Rule 54.03 specifically relates to default judgments and provides as follows:

A judgment by default shall not be different in kind from or exceed in amount that prayed for in the demand for judgment. Except as to a party against whom a judgment is entered by default, every final judgment shall grant the relief to which the party in whose favor it is rendered is entitled, even if the party has not demanded such relief in his pleadings; but the court shall not give the successful party relief, though he may be entitled to it, where the propriety of such relief was not litigated and the opposing party had no opportunity to assert defenses to such relief.

(Emphasis added.) In Qualls v. Qualls, 589 S.W.2d 906 (Tenn.1979), this Court discussed the policy behind Rule 54.03, citing a treatise discussing the federal counterpart.

“The first sentence of Rule 54(c) states that a judgment by default is limited to the relief demanded in the complaint. The theory of this provision is that once the defending party receives the original pleading he should be able to decide on the basis of the relief requested whether he wants to expend the time, effort, and money necessary to defend the action. It would be fundamentally unfair to have the complaint lead defendant to believe that only a certain type and dimension of relief was being sought and then, should he attempt to limit the scope and size of the potential judgment against him by not appearing or otherwise defaulting, allow the court to give a different type of relief or a larger damage award. In a similar vein, unless all the parties in interest have appeared and voluntarily litigated an issue not within the pleadings, the court should consider only those issues presented in the pleadings. In sum, then, a default judgment may not extend to matters outside the issues raised by the pleadings or beyond the scope of the relief demanded.”
WRIGHT AND MILLER, FEDERAL PRACTICE AND PROCEDURE § 2663, at 99-100 (1973). See also, ALI Restatement of the Law, Second, Judgments, § 4, § 113.

Id. at 910 (emphasis added).

Considering the language of Rules 5.01 and 54.03, and the policy considerations of notice and fairness which the Rules were designed to advance, we conclude that a motion to amend a complaint increasing the ad damnum must be served upon the party adjudged in default.

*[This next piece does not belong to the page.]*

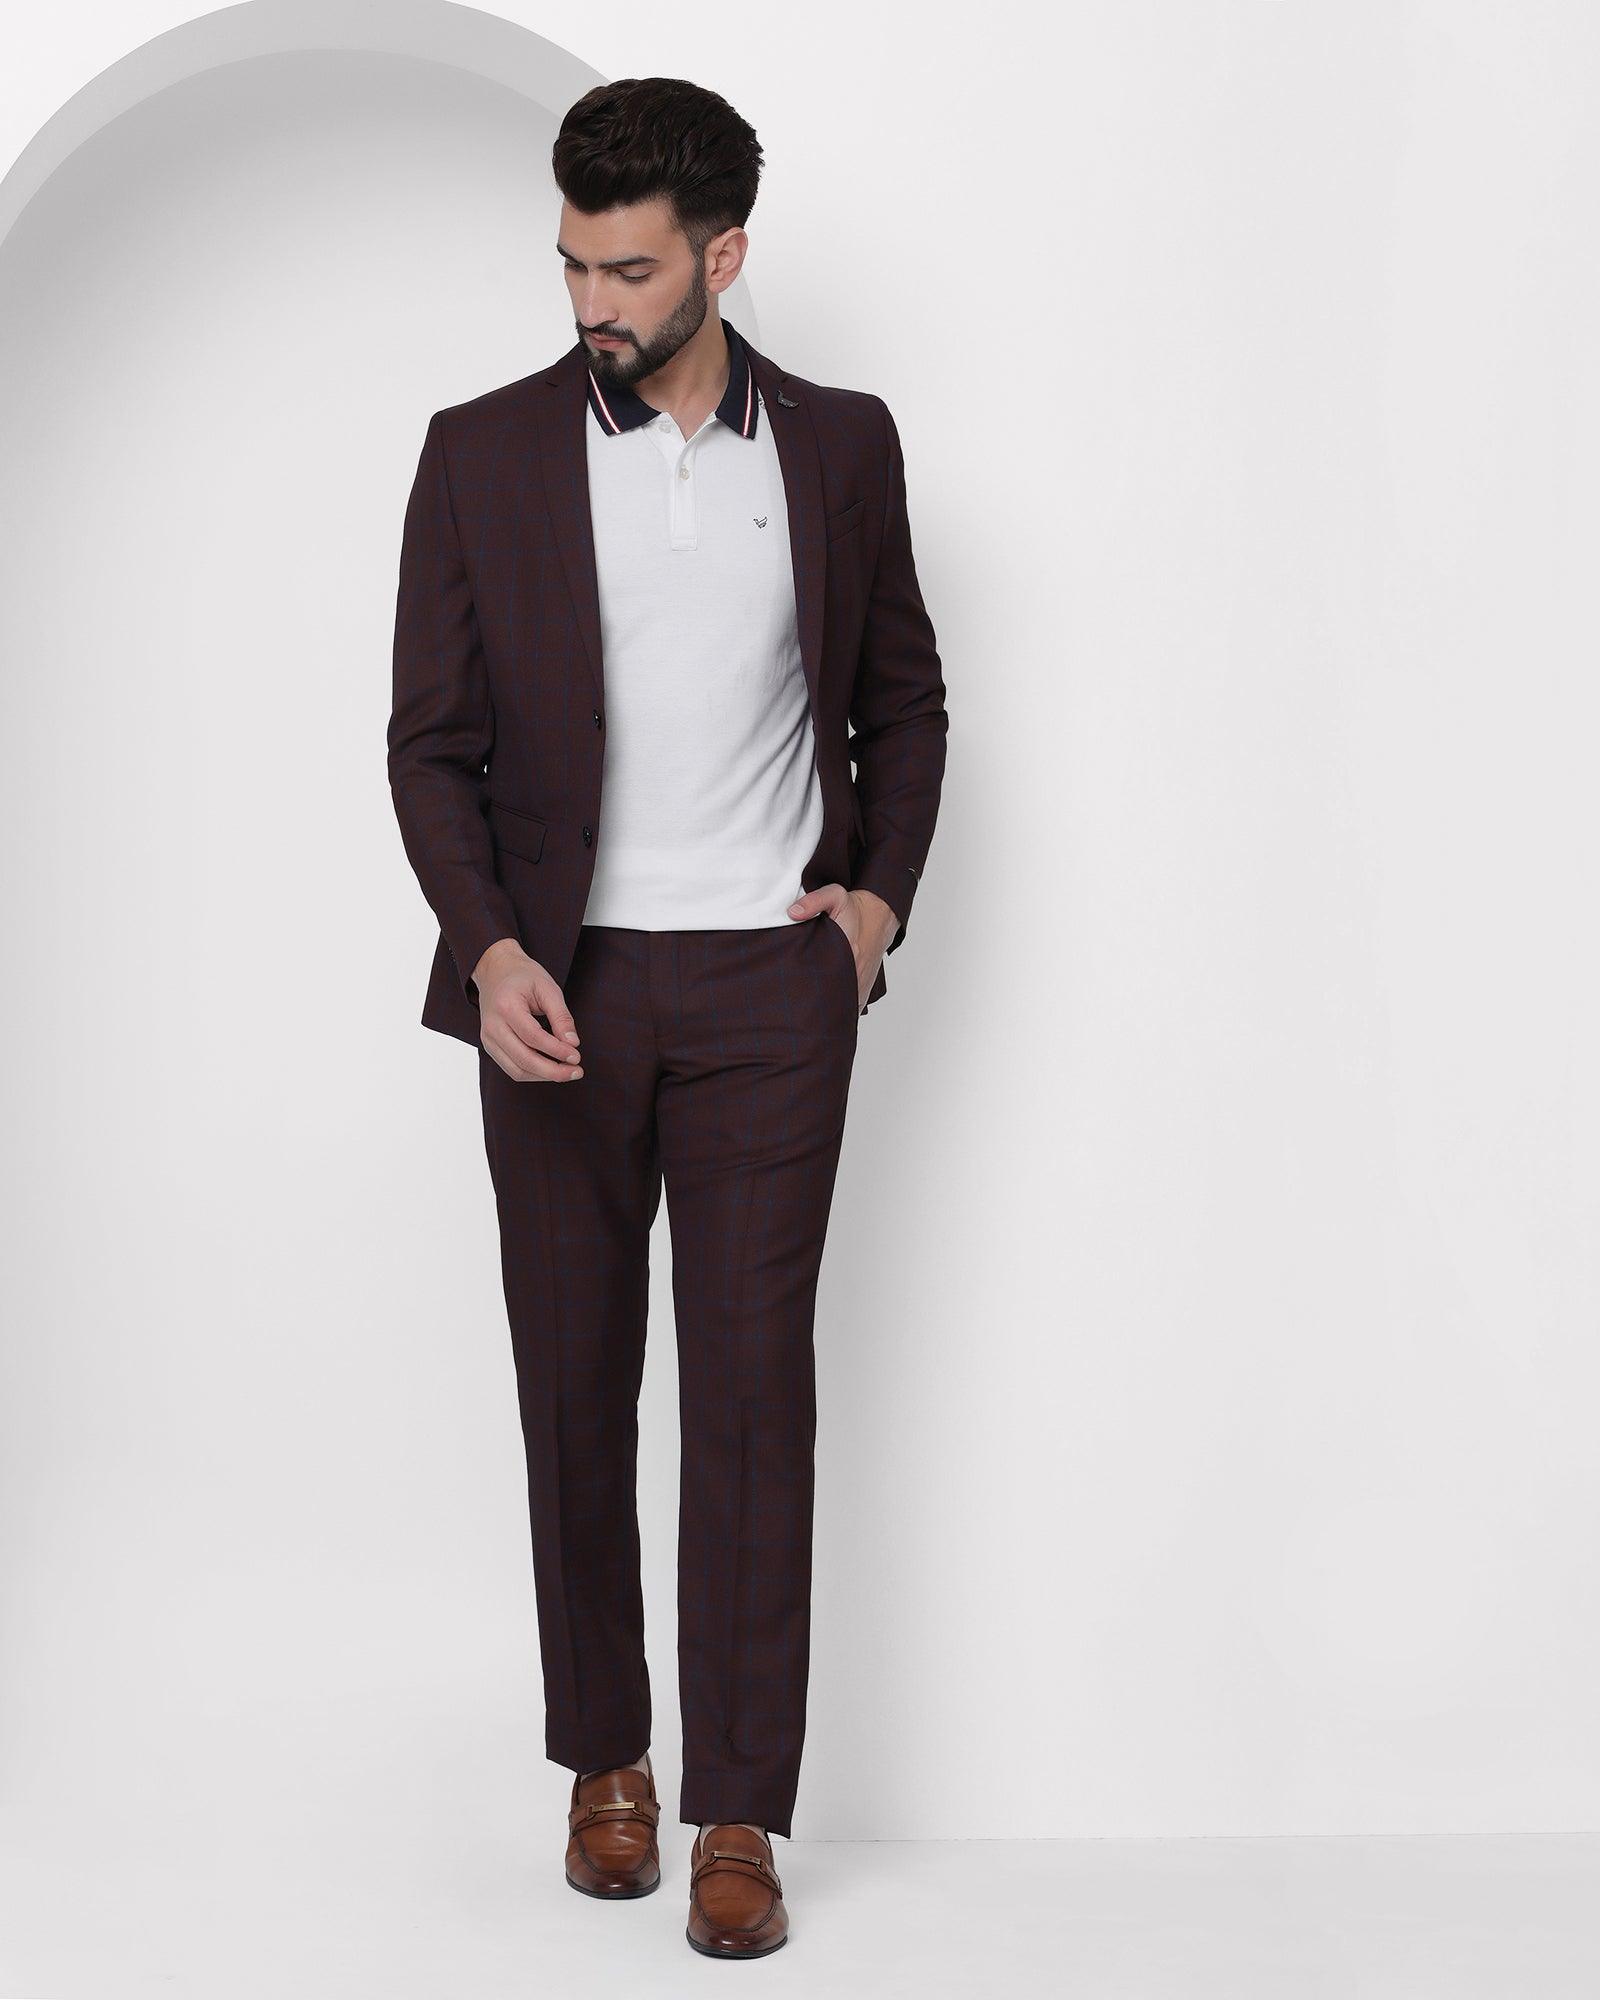 Suits & Blazers - Men's Suits & Blazer Jacket Online at Best Prices |  Flipkart.com

Applying that rule to this case, we conclude that the portion of the trial court’s judgment awarding damages for personal injury to the plaintiff should be vacated. Because the plaintiffs motion to amend increasing the amount of damages was not served on the defendants, they were deprived of notice and an opportunity to take actions to protect their interests. We therefore agree with the Court of Appeals’ conclusion that it would be “patently unjust” to allow a plaintiff to claim an additional amount of damages after obtaining a default judgment, “without notice and opportunity to the defendant who, although apparently content not to defend against the original smaller demand, is entitled to oppose and defend against the increased demand.” It is this Court’s duty to “grant the relief on the law and facts to which the party is entitled or the proceeding otherwise requires” and this Court “may grant any relief, including the giving of any judgment and making of any order” so long as the relief granted is not in contravention of the province of the trier of fact.” Tenn. R.App.P. 36(a) (1995) (emphasis added). In accordance with that mandate, we remand this cause to the trial court for a new trial on damages for personal injury to the plaintiff.

CONCLUSION

We conclude that a plaintiff who takes a default judgment and who thereafter amends the complaint to increase the damages sought must serve the defendant with the motion to amend in accordance with Tenn. *396R.Civ.P. 4. Because the plaintiff here failed to comply with that rule, we vacate that portion of the trial court’s judgment awarding personal injury damages to the plaintiff. We affirm those portions of the judgment awarding damages for personal injury to Holder’s minor son, and for property damage to her car, and remand to the trial court for a new trial on personal injury damages to the plaintiff. Costs of this appeal are taxed equally between the parties.

DROWOTA, REID, BIRCH and WHITE, JJ., concur.